Recorded data:

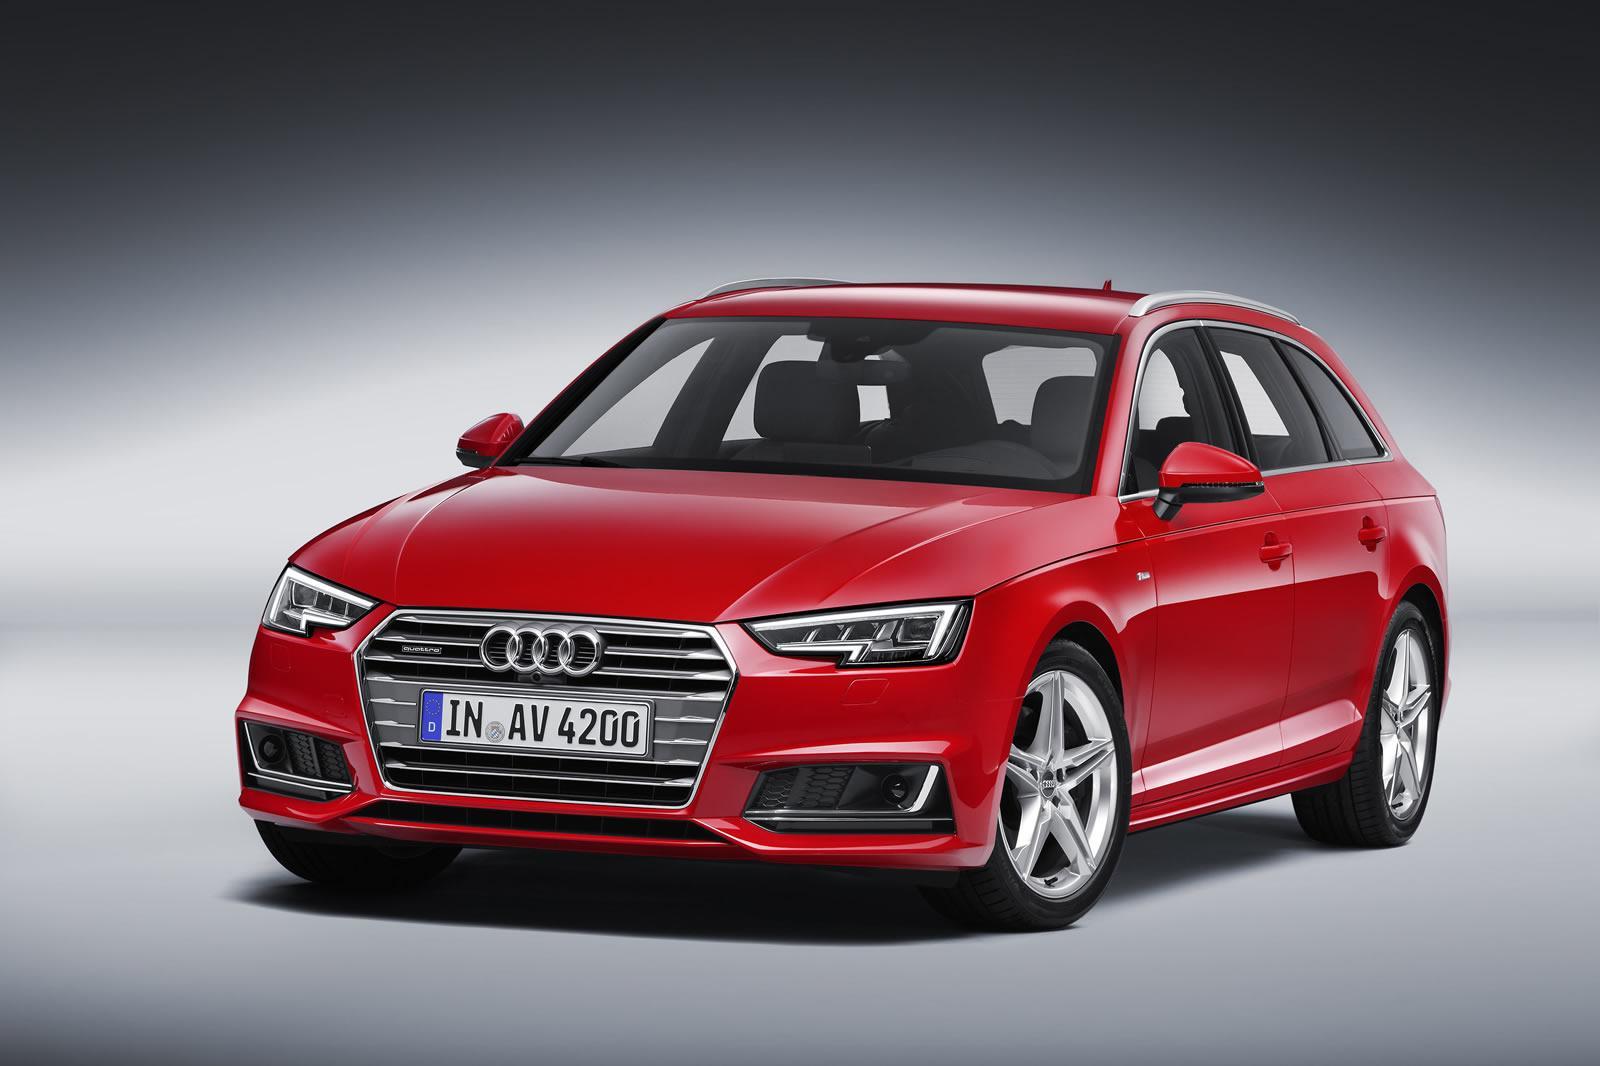 2016 Audi A4 Avant (B9) Photos, Videos and Details ...
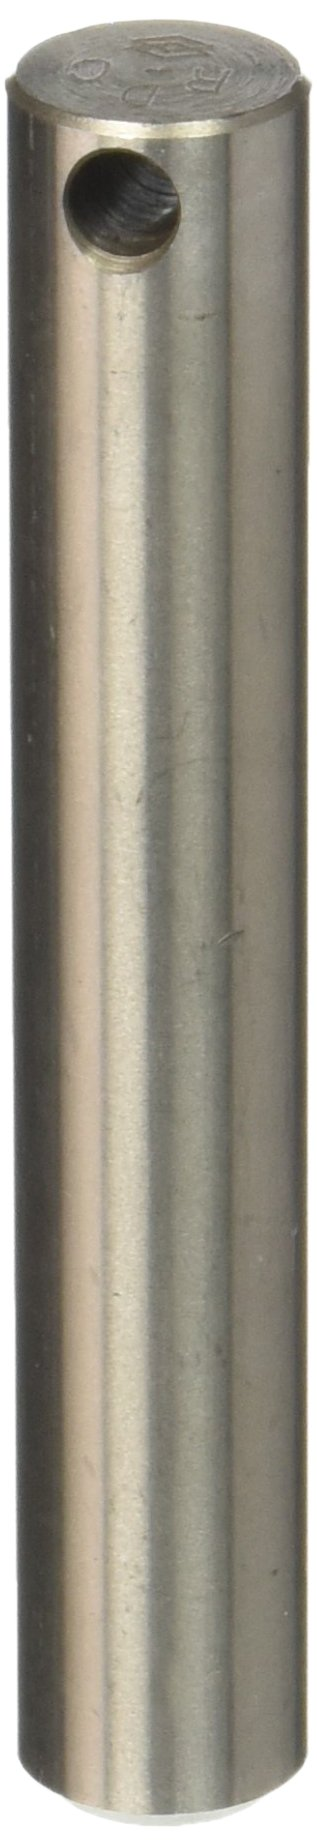 Richmond Gear CSPGM85 Mini Spool Cross Pin and Shaft
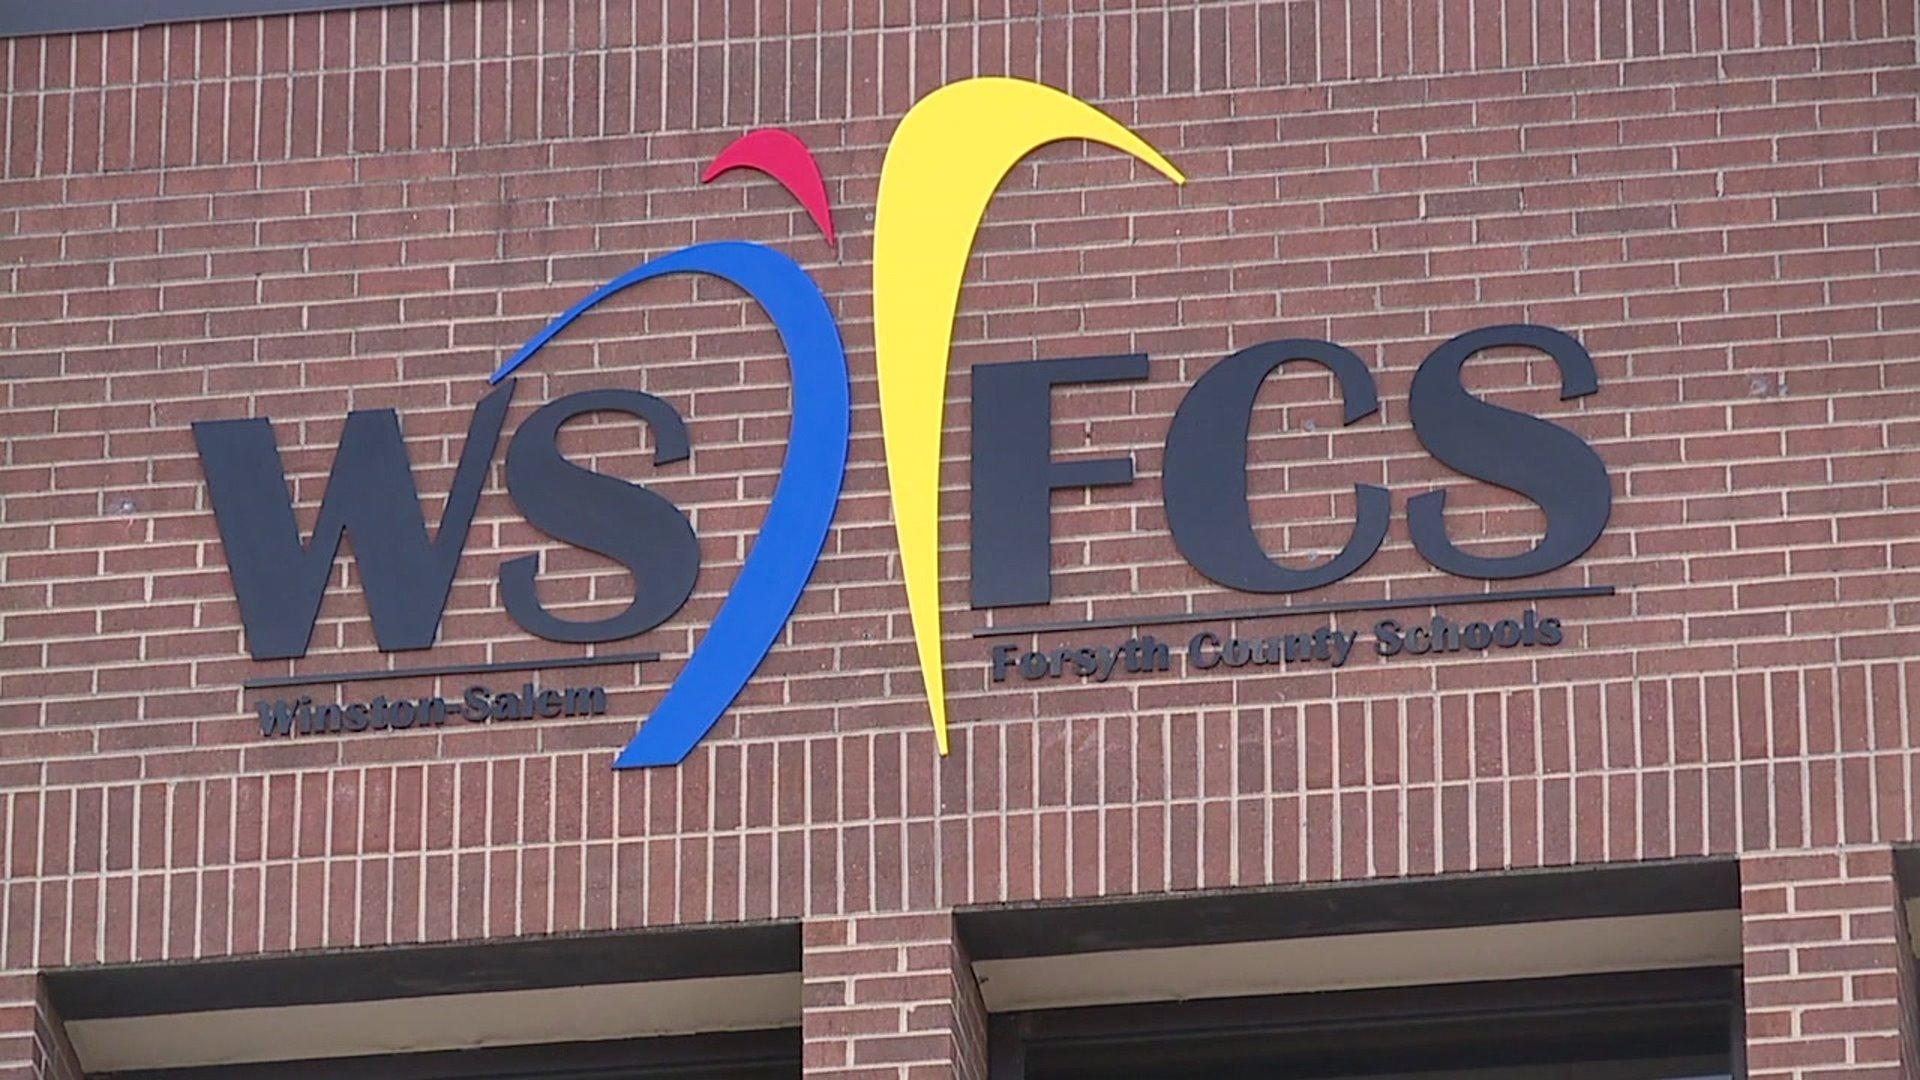 Winston Salem/forsyth County Schools Holds Meeting To Intended For Winston Salem Salem Forsyth County School Calendar
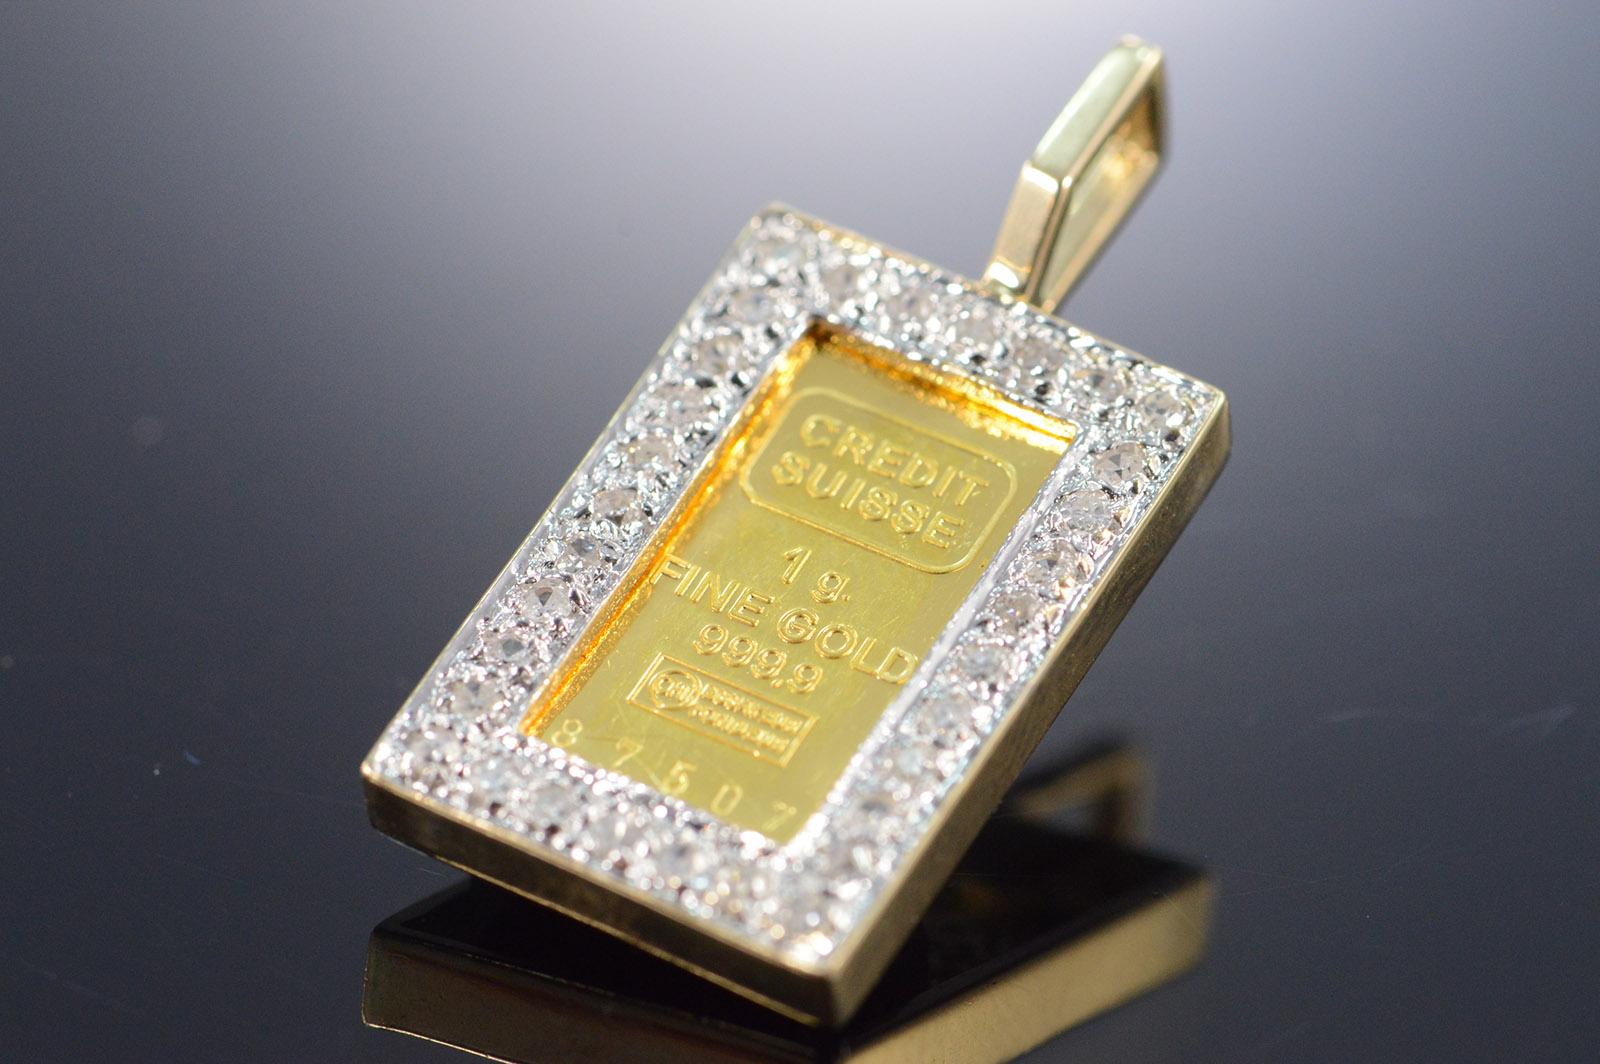 14k 33g 025 ctw diamond bezel 1 gram 999 gold bar yellow gold image 1 of 4 free shipping aloadofball Images

Task requirements: From the first line to the last, repeat the material exactly, but drop the pictures.

Output of the task:
 2016 Audi A4 Avant (B9) Photos, Videos and Details ...
 Richmond Gear CSPGM85 Mini Spool Cross Pin and Shaft
 Winston Salem/forsyth County Schools Holds Meeting To Intended For Winston Salem Salem Forsyth County School Calendar
 14k 33g 025 ctw diamond bezel 1 gram 999 gold bar yellow gold image 1 of 4 free shipping aloadofball Images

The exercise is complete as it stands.